----- Source material -----

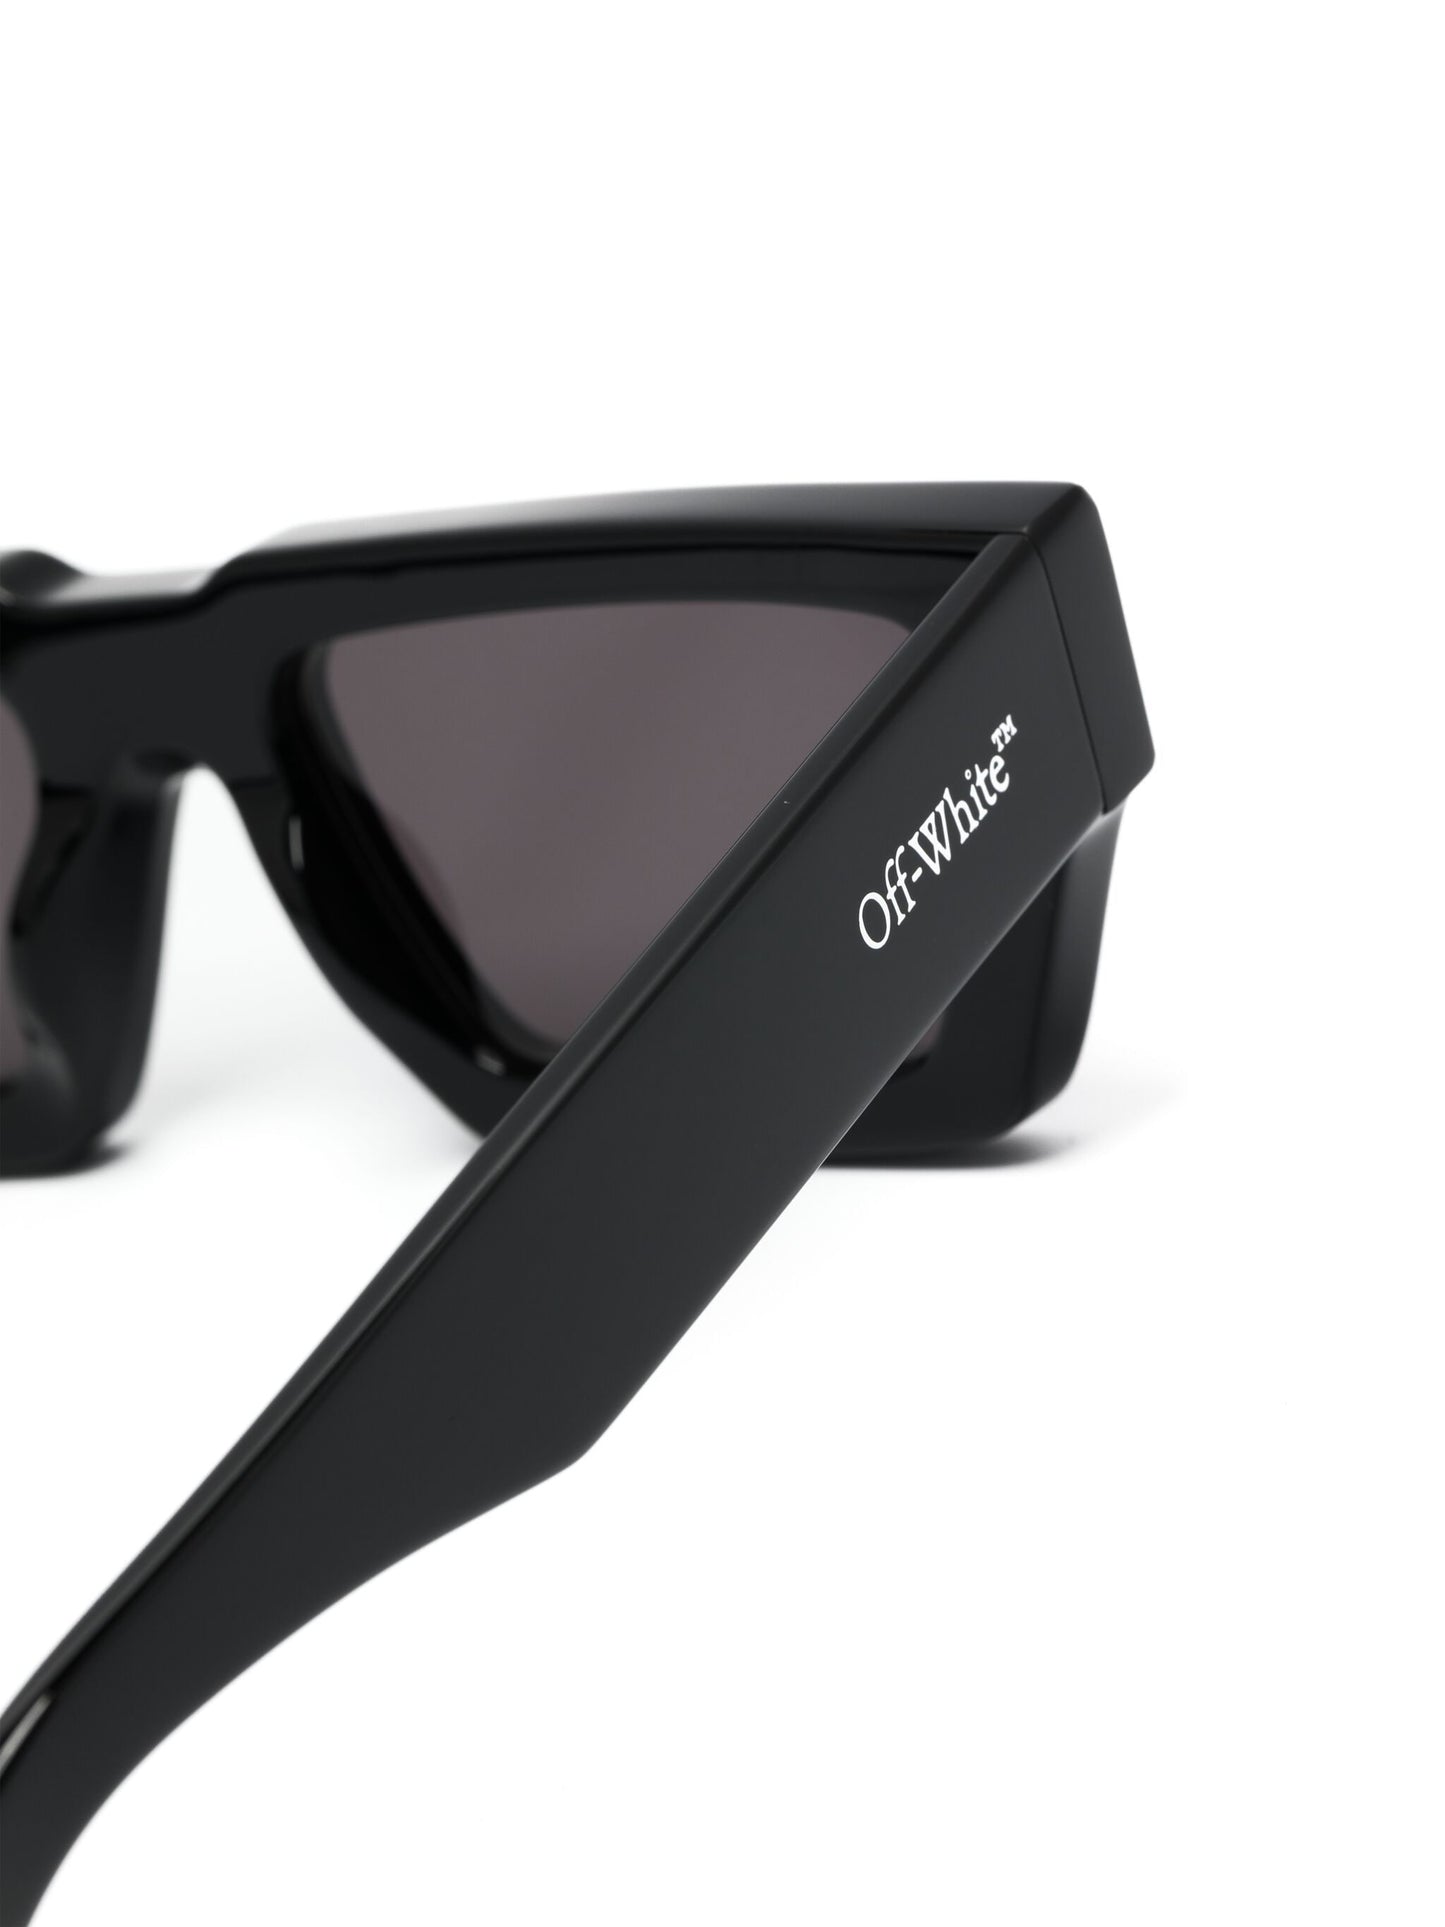 Off-White OERI129S24PLA0011007 54mm New Sunglasses
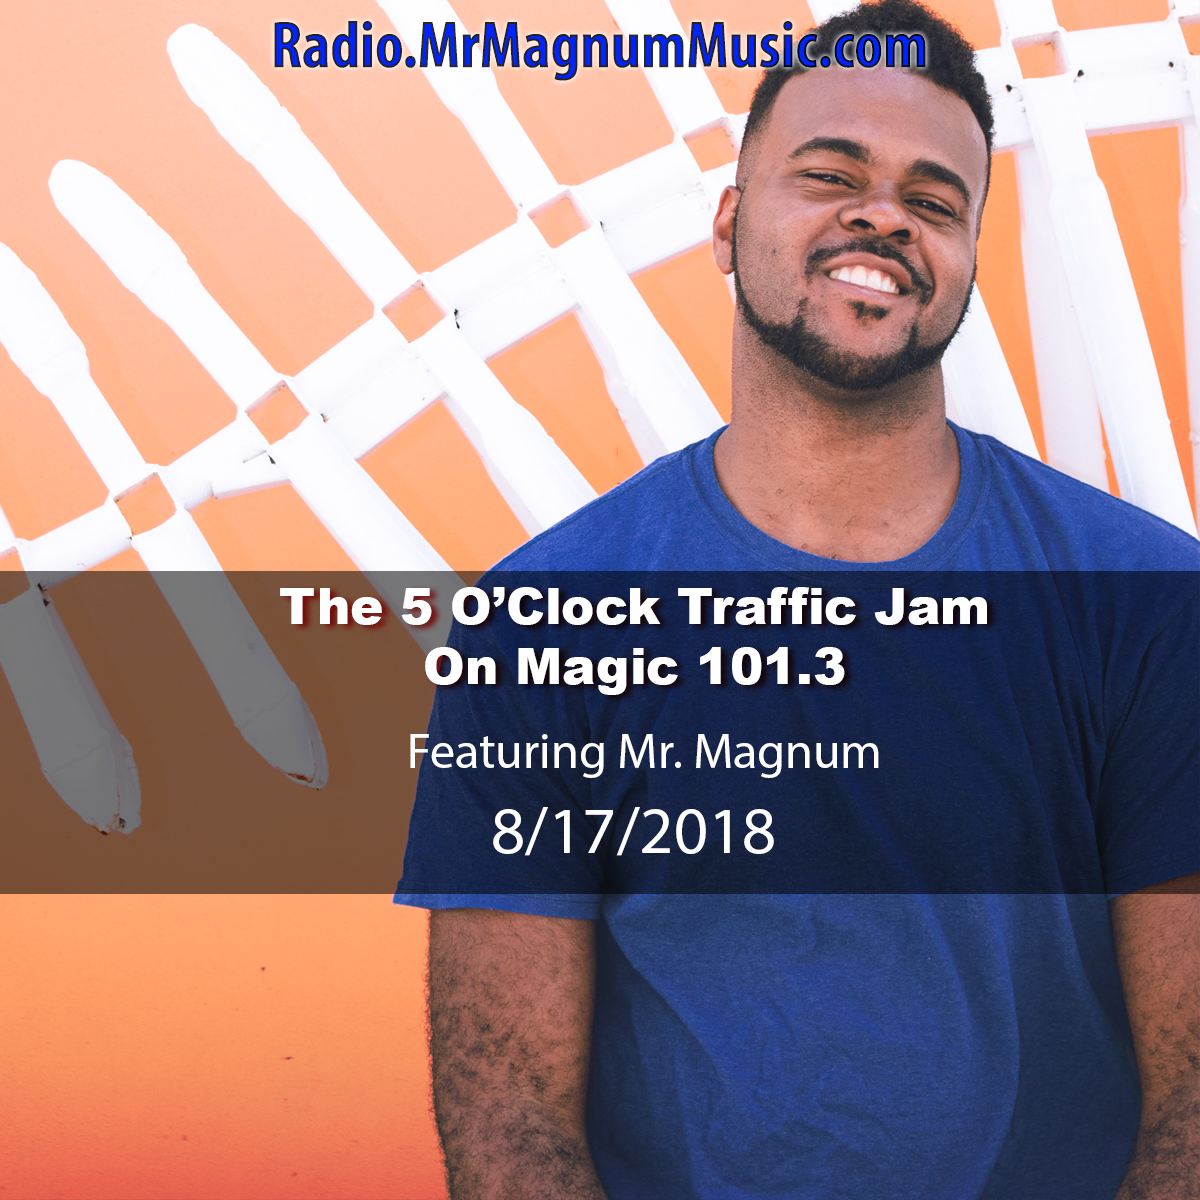 The 5 O'Clock Traffic Jam 20180817 featuring Gainesville's #1 DJ, Mr. Magnum on Magic 101.3
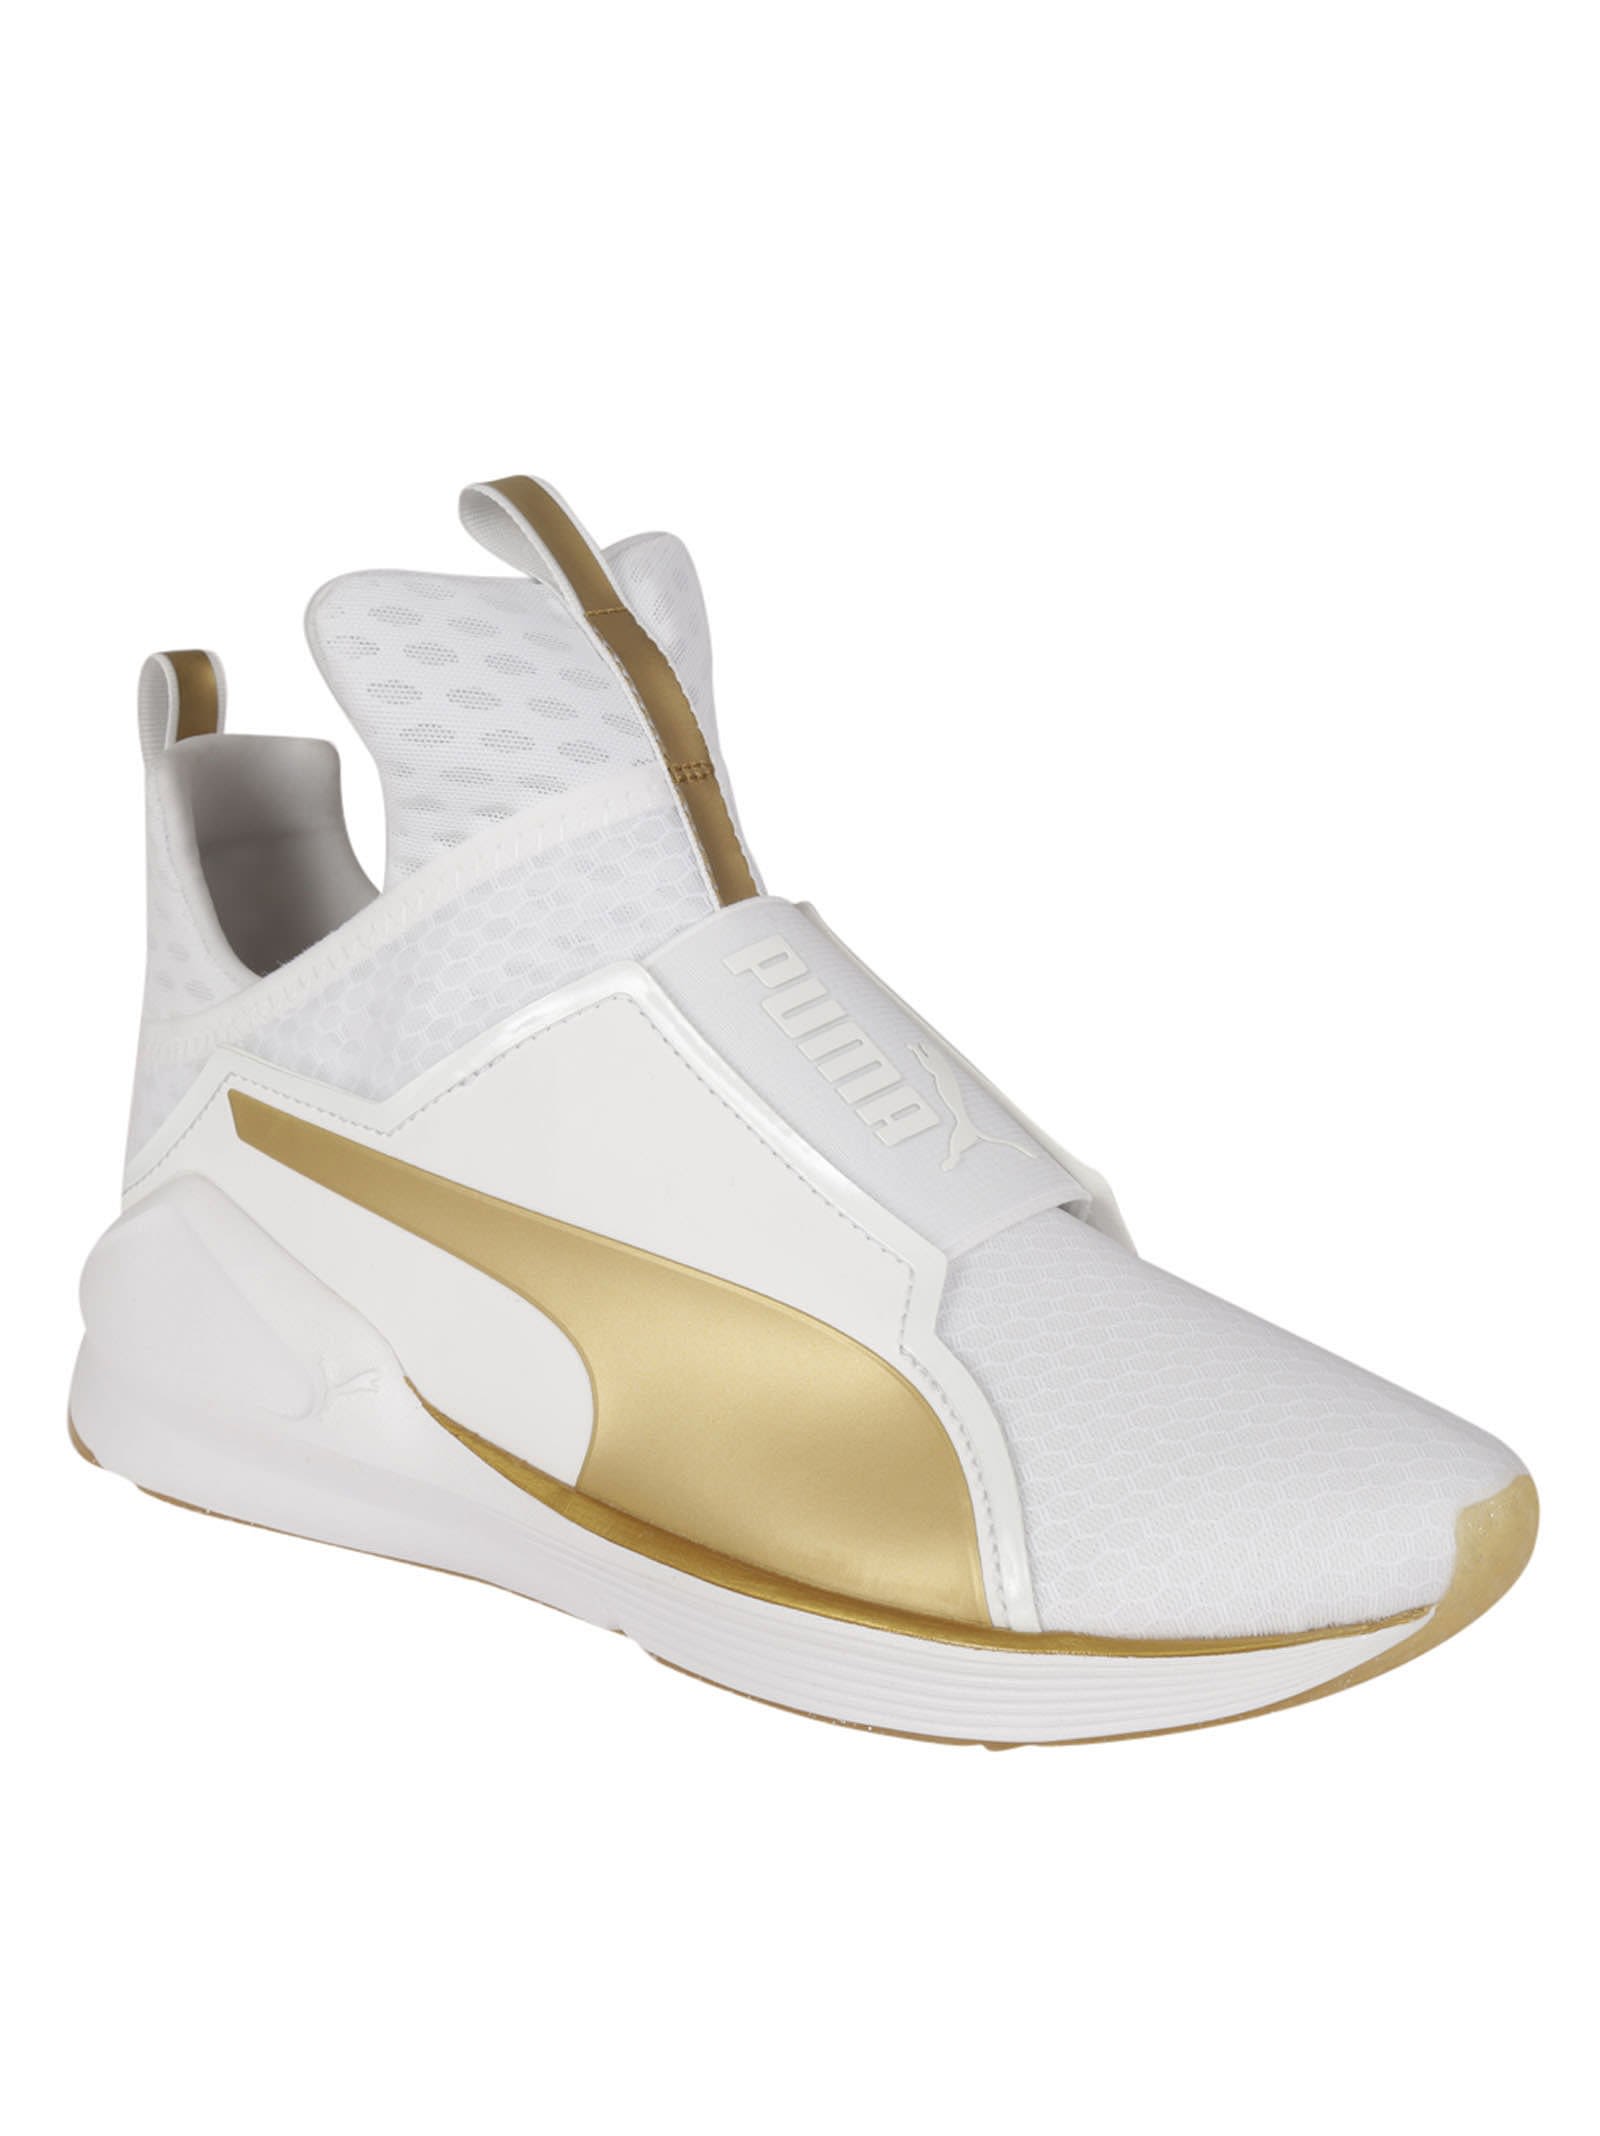 Puma - Puma White And Gold Fierce Sneakers - White, Women's Sneakers ...

-----

> **What you should do**
Recopy the whole listing above precisely, excluding images.

> **Final answer**
 Off-White OERI129S24PLA0011007 54mm New Sunglasses
 The 5 O'Clock Traffic Jam 20180817 featuring Gainesville's #1 DJ, Mr. Magnum on Magic 101.3
 Puma - Puma White And Gold Fierce Sneakers - White, Women's Sneakers ...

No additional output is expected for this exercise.